Global Markets Direct, the leading business intelligence provider, has released its latest research "Top Ten Global Energy Trends in 2010" The study, which is an offering from the company's Energy Research Group, provides an analysis of the key challenges and potential short term trends in the global energy sector during 2010. The major areas of focus include impact of the financial crisis and the after effects of the crisis and the global economic recession on the energy sector. Challenges in conventional as well as non conventional energy sector, technological developments in new and alternative energy sectors and the nuclear industry are also analyzed.

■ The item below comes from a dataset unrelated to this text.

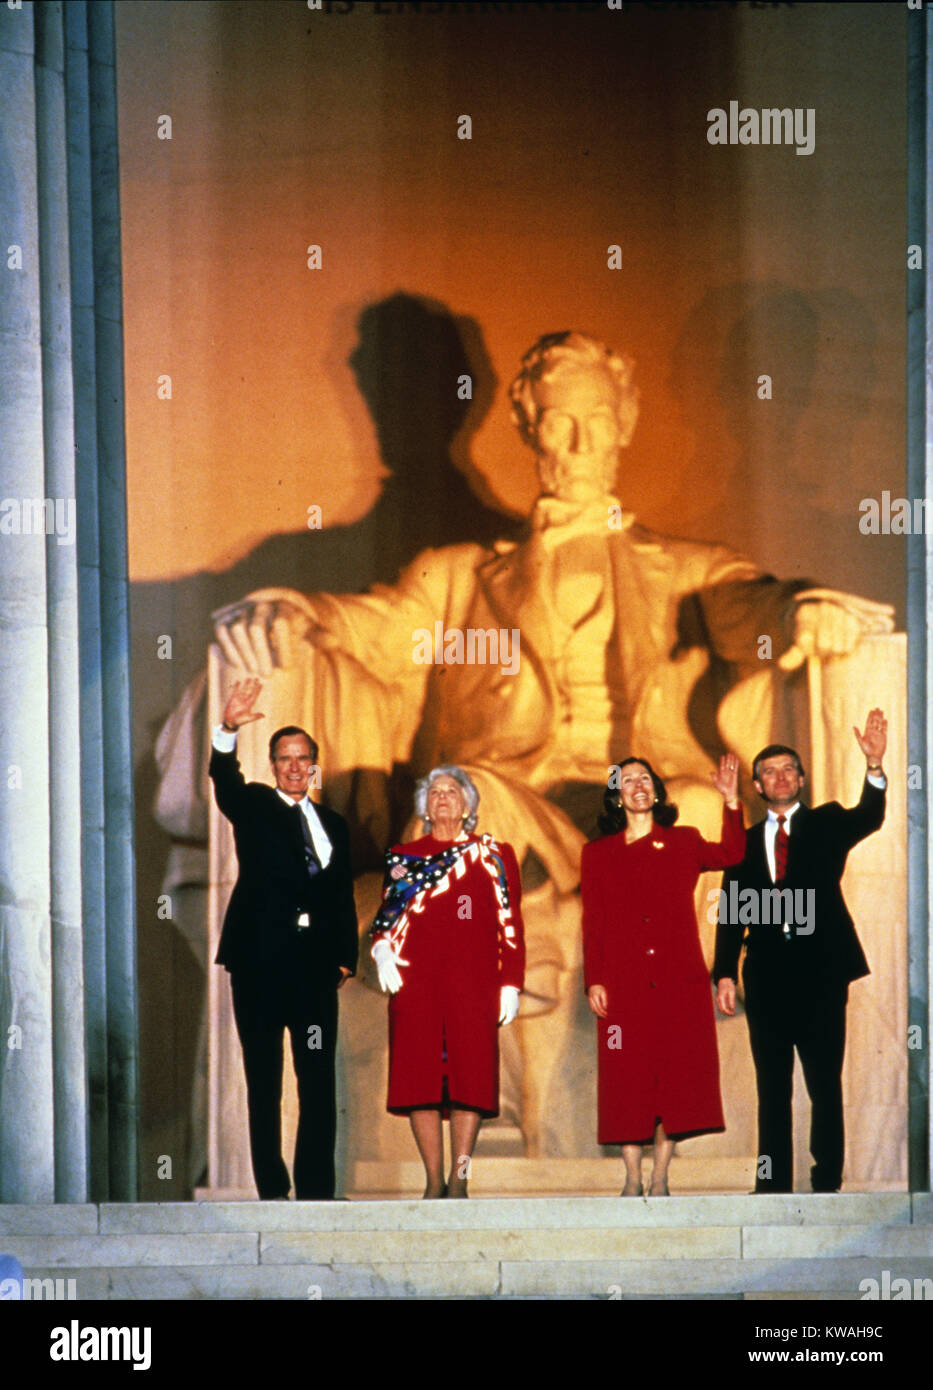 Washington, District of Columbia, USA. 18th Jan, 1989. United States President-elect George H.W. Bush attends the opening ceremony for his inauguration at the Lincoln Memorial in Washington, DC on January 18 1989. From left to right: President-elect Bush, Barbara Bush, Marilyn Quayle, and US Vice President-elect Dan Quayle.Credit: Robert Trippett/Pool via CNP Credit: Robert Trippett/CNP/ZUMA Wire/Alamy Live News Stock Photo

The global economic recovery and the impact on the capital expenditure in the petroleum industry in 2010, growing trend towards the offshore oil and gas industry and the approach of the oil and gas companies to prepare for the upturn are some of the other issues that have been analyzed in the report. The report highlights and analyses the most critical trends or issues in the global energy sector in 2010. The report is built using the data and information sourced from proprietary databases, primary and secondary research and in house analysis by Global Markets Direct's team of industry experts.

The global energy industry is at a key juncture in terms of its short and long term outlook. On the one hand, the highly volatile commodity markets and the prevalent low prices following the global recession have resulted in an overall bleak outlook for the industry in the short term. On the other hand, 2009 is the year of Global Climate Change Summit which is expected to lead to a global climate change framework thereby establishing norms to mitigate climate change which in turn is expected to have a significant impact on the energy industry in the long term. The two main factors of global recession and climate change are threatening the energy industry by providing a negative outlook for the energy demand in the future. However, there have been signs of a global economic recovery with many of the large economies growing positively in the second half of 2009 which is expected to be the key trend in 2010. The negative outlook on the energy industry also had depressed the valuations of the companies and their assets. However, companies with strong fiscal positions are seeing this as an opportune time for mergers and acquisitions and buying assets. With the global economy poised for recovery in 2010, the energy industry is expected to witness a positive outlook with various segments witnessing these key trends.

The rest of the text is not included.